In modern society school sports are the first direct social influence that tells us it is important to compete and to win. This influence is far stronger than grade competition. Also, it is regularly reinforced by parents, by those parents who win – who live – vicariously through their sons and daughters.

From the family and school, competition as our primary directive has escalated to all levels of society and forms of social organization. The key factor behind this trend has been population pressure. As early humans addressed, and learned to solve, the problems of life (including through dominating other species), more and more people survived.

The human population grew in scale until there was no longer abundant sustenance for all. This in turn led to competition, between the first distinct groups of people, the first tribes that had evolved, over land, water and other resources. In many cases, the competition took the form of war.
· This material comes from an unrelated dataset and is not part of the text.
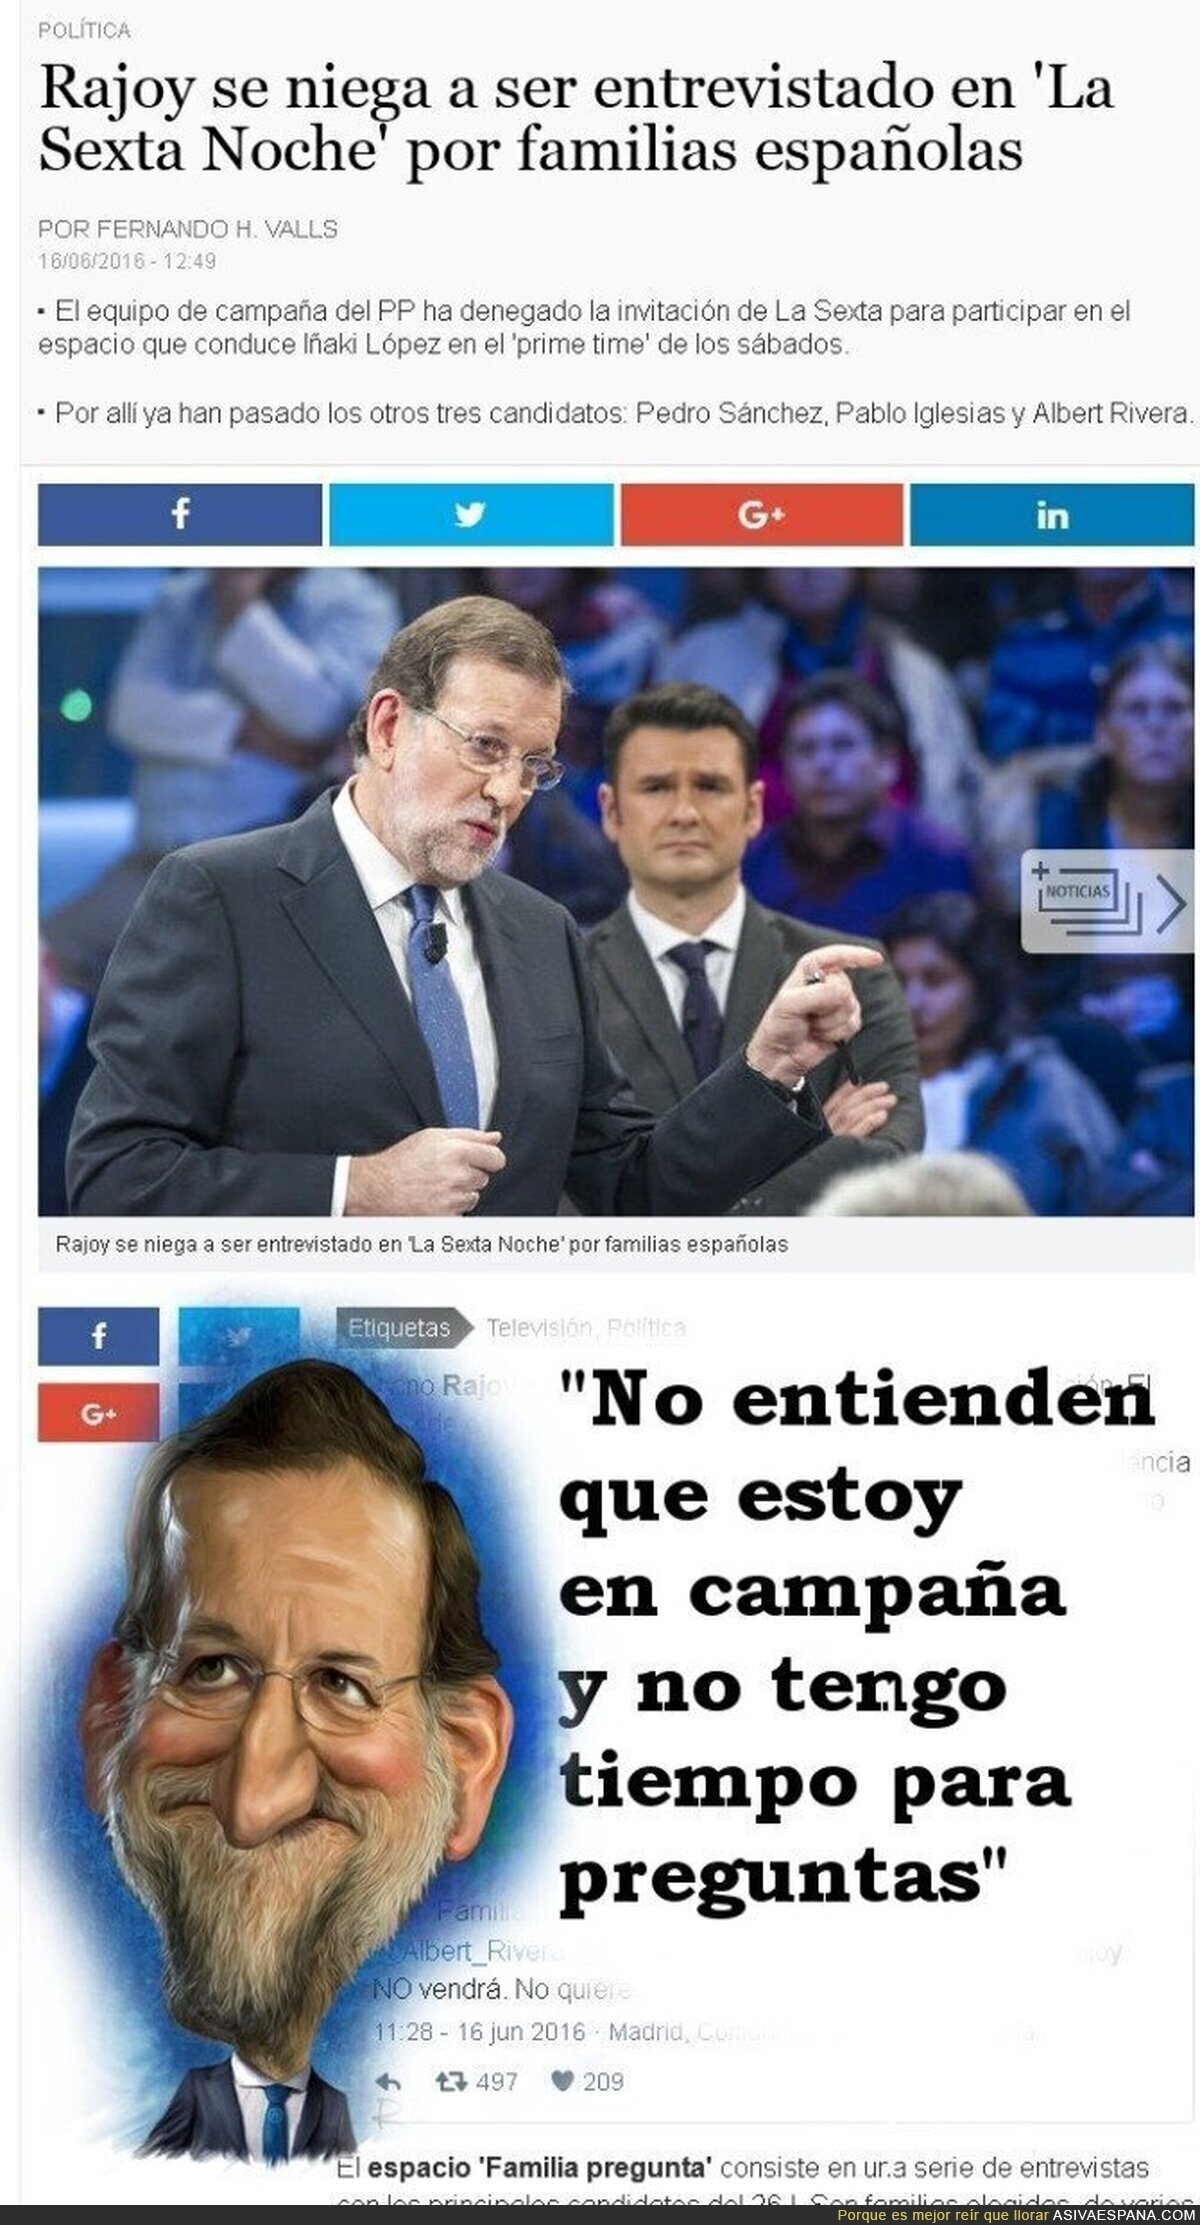 Rajoy está en campaña, no acepta preguntas.

Population pressure also fueled competition within groups. Cultures that were characterized by internal harmony and mutual support no longer had enough resources for everyone. This destroyed group unity, and turned members against each other; it turned them into competitors.

The increasing size and complexity of social groups further led to the formation of subgroups responsible for certain distinct tasks. Among these were the forerunners of our modern social institutions. There are all manner of institutions now: governments, religions, corporations, the media, and schools, and they all compete, within their own institutional categories, with other types of institutions, and also domestically and worldwide. Moreover, within the institutions themselves, their employees or members are typically in a state of constant competition with each other.

The highest level of competition occurs between nations, which also share a fundamental inequality since some are large and have prolific natural resources while others are small and have few such resources. As just mentioned, the most extreme form of competition, war, has often been motivated by an attempt to balance such inequalities (e.g., the empire building effort of the small island state, the United Kingdom). But, the practice of war is now on the decline. The preferred form of competition between nations in the present day is strictly commercial. Corporations, and their ranks of employees, are the armies in the new global economic war. They are the means by which nationalism, the competition with and distrust of other nations, which historically was expressed in military conflict, is being maintained in the developing age of peace.

Through all of these changes, our species has taken competition to unprecedented heights. And, while we have been able to achieve a unique degree of diversification and specialization, and make advancements that are truly noteworthy, particularly the expansion of human knowledge and the refinement of artistic creativity, the negative consequences have been profound, and are for the most part un-addressed. Human history is a history of conflict: you cannot base your society on competition and not have conflict occur. Inequality between individuals on the basis of wealth is at an extraordinary level, and it continues to grow. Also, in our selfish focus on satisfying our own desires, we have ignored our effect on the natural environment, which is now so severe that it constitutes nothing less than massive species genocide.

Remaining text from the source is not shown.